Backing up also caused me headaches and nightmares. My MongoDB DB is so big that I cannot reasonably dump it anymore. Normally I’d snapshot the FS and back that up. But how do you do that if your CSI driver does not support btrfs or ZFS? So some more working around, some more complexity to end up with a CI pipeline that stops one of my MongoDB replica, backs up the DB in a cold state and then resumes it again, which causes unneccessary load on the rest of the cluster to bring up the replication again. And what happens if a node goes down during a backup (which I need to do quite often)? Then my replication has no quorum and all remaining nodes just start screaming, while the application is down again.

Are there solutions to all of that? Probably. But by the time I got to a somewhat working state, everything became so complex, that it really was a pain to maintain this whole thing. And it got more expensive of course.

This is where I stopped and thought: “OK hey, is that really worth it”? Well, I guess that depends on your use case, but for me, it’s not. And by then I really started questioning what Kubernetes is even good for after all. I’m exaggerating of course. But think about it: The promise is that you have an abstracted platform that allows you to run distributed workloads, oftentimes by running containers that you never inspected too closely - or did you really ever look into how certmanager works? Pretty sure you didn’t, but sure enough you have that Helm chart somewhere in your Ansible playbook. But does it really deliver on it? Distributed systems predate Kubernetes and Docker and probably all modern technology stacks. And contrary to all the marketing efforts by Cloud vendors, you still need to know all of those low level things: How does database replication work?

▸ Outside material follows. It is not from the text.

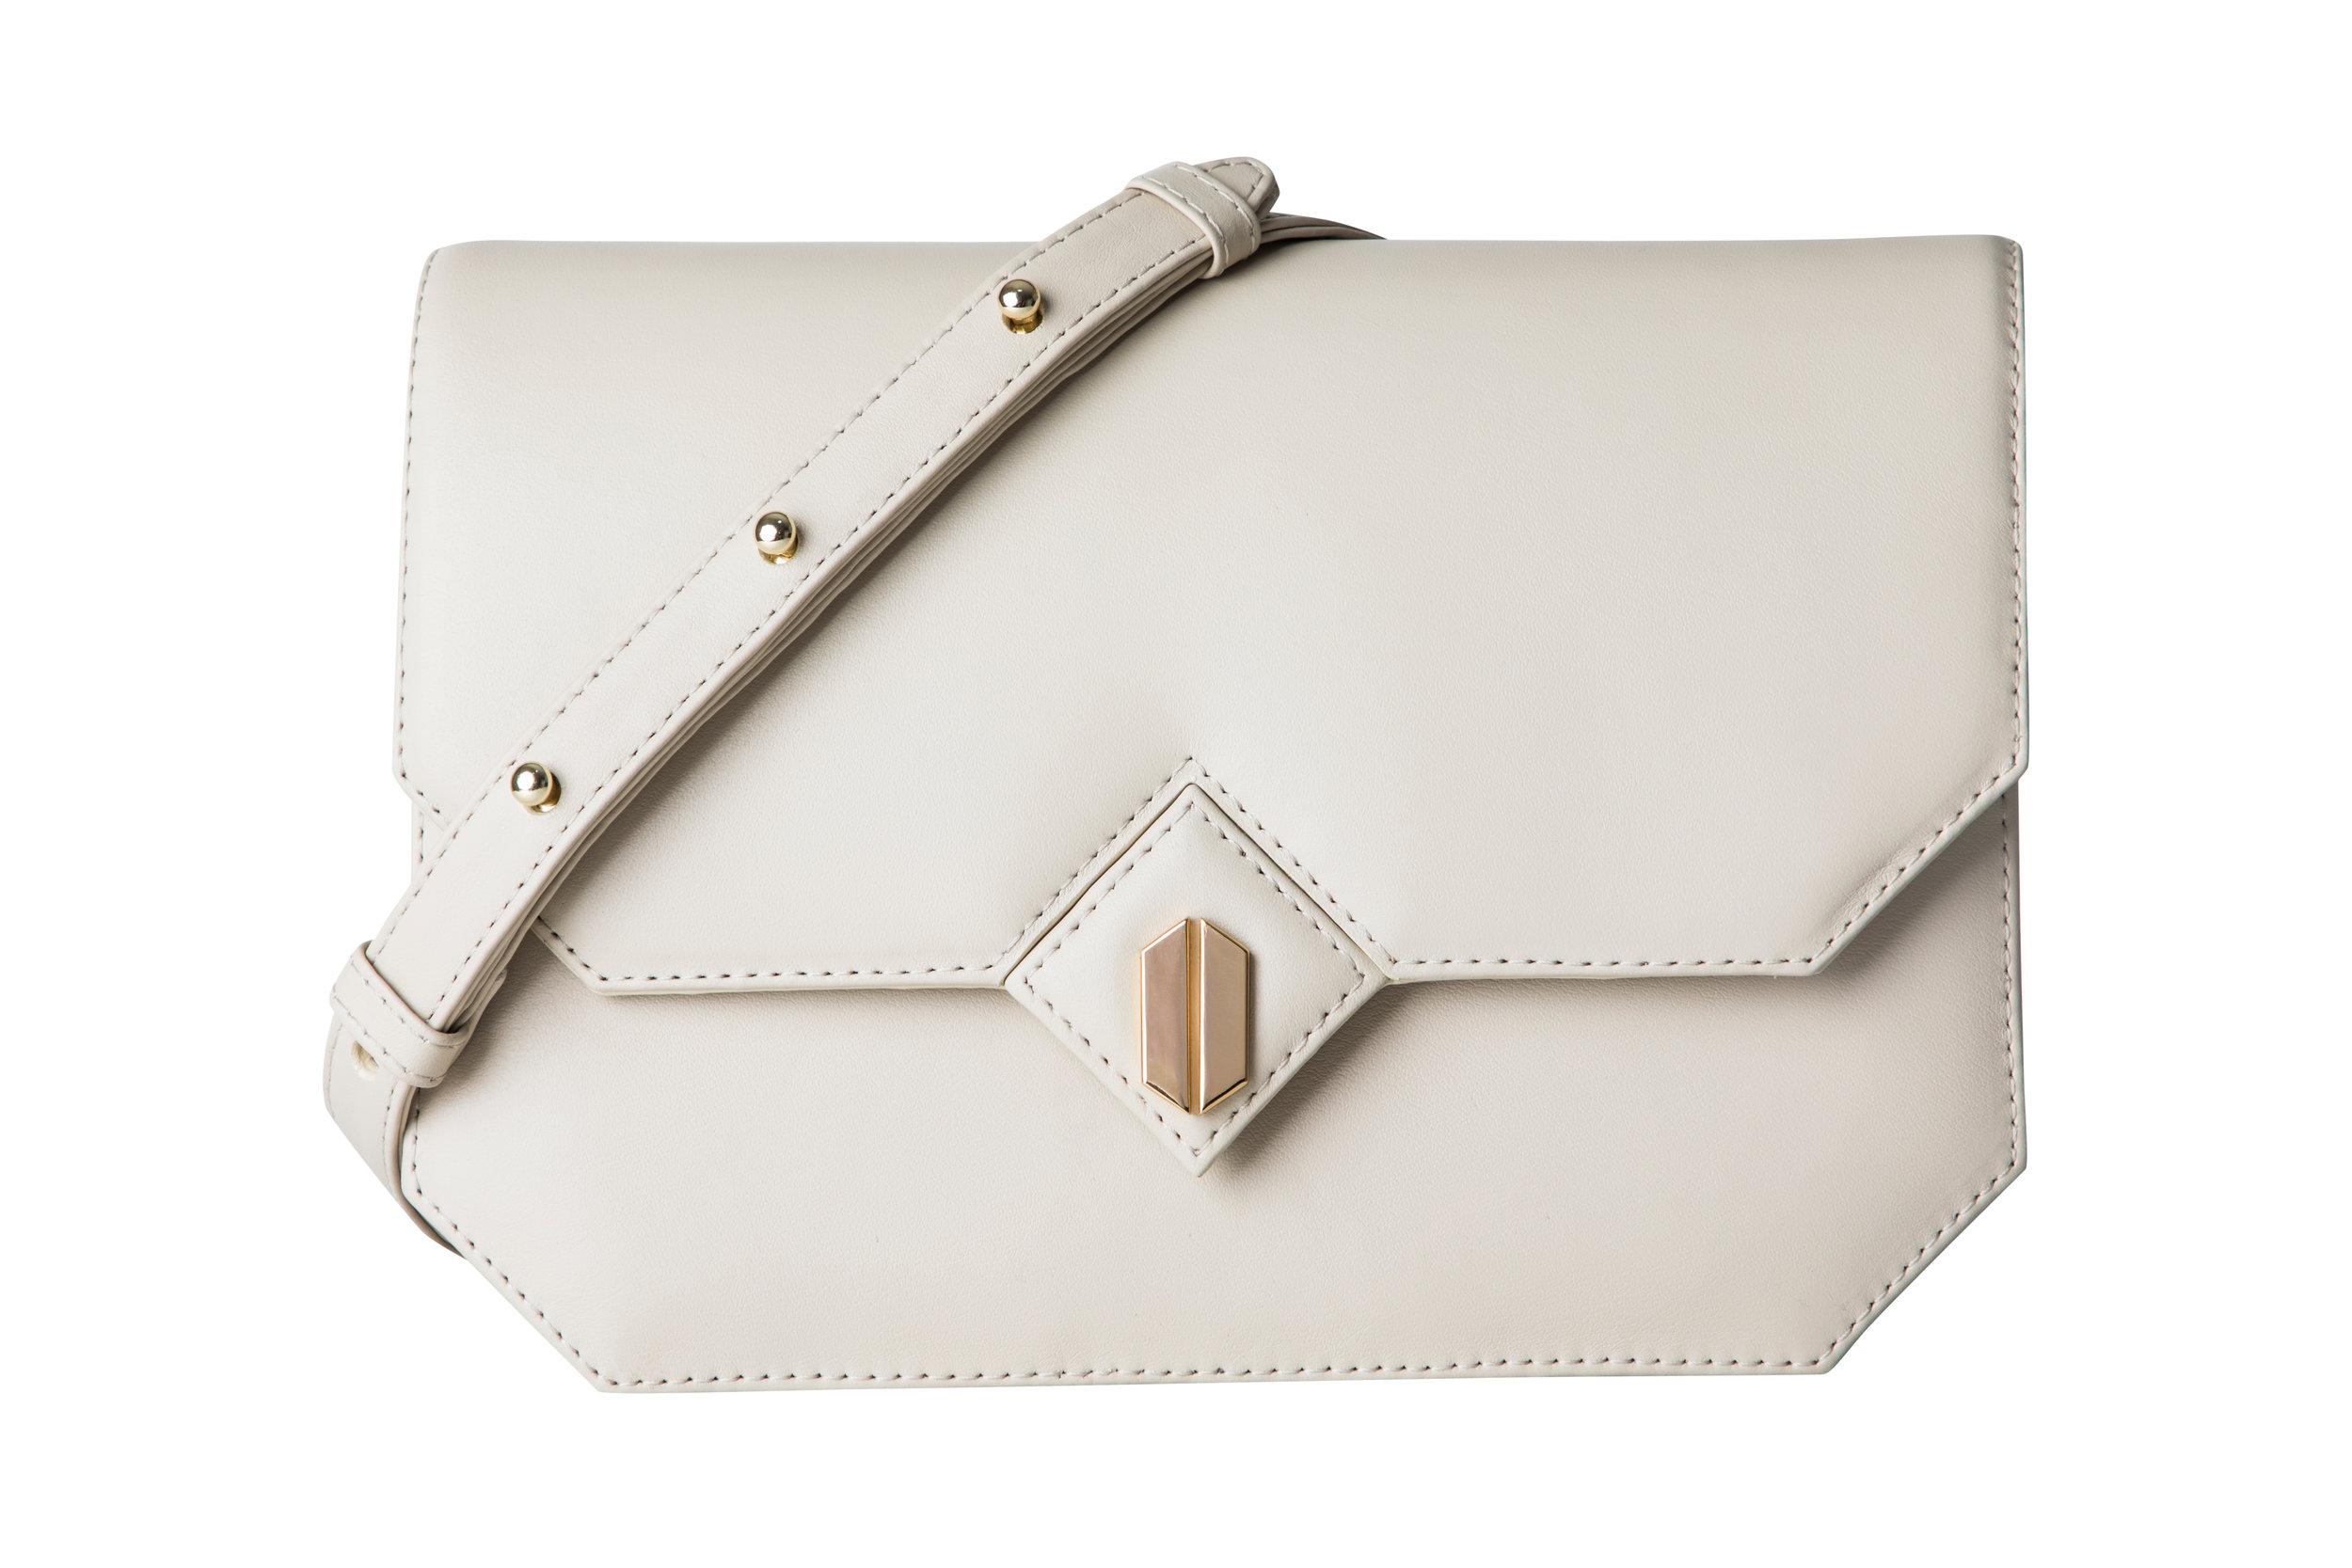 Galatea Bag in Ivory $445 USD

What load balancing paradigms do exist? How can I set up a private network for my internal services and expose only the surface publicly? How do I configure a firewall properly? What was that stupid command again to set up a static route?

And this is what everybody quietly ignores, nobody gets asked about in their Kubernetes certification and what everybody is overwhelmed with as soon as things don’t work like described in the docs. But then you are a bad SRE. You still need to know all of that, plus all the stupid Kubernetes object types, specialties of your vendor’s Cloud Controller and how all those shitty services are called again on Azure.

So in the end, the cognitive load and application complexity (and with that: possible bugs, security issues etc.) is way higher than it was with traditional siloed approaches.

Today, I’m back with a single machine that handles the peak 500 concurrent users, that costs me around 40 bucks a month. And it’s faster. I have a cold spare VM ready to pick up operation by booting it up, updating the application to the latest state, remounting the cloud volume and reallocating the floating IP. That’s a single shell script (of course running inside a GitLab CI pipeline, ‘cause we’re fancy). The whole operation is faster than it was with the optimized Kubernetes configuration when I killed one of the nodes. But those are single machines now. Understandable and debuggable. I have a script that heartbeats the production machine and if it is down for a certain amount of time, it will start that script. Is that faster than a HA cluster? No. But it’s way easier to understand and I don’t really need more for my use case. A few minutes in the event of a cloud VM going down every few years sounds bearable if you don’t loose millions during that time.

Or to put it with the words of ThePrimeagen:

“JUST PUT IT ON A SERVER!!1”

So do I hate Kubernetes? Of course not. All I’m saying is: Choose your weapons carefully. You wouldn’t be the first person to shoot yourself in the foot with the very weapon you bought to defend yourself.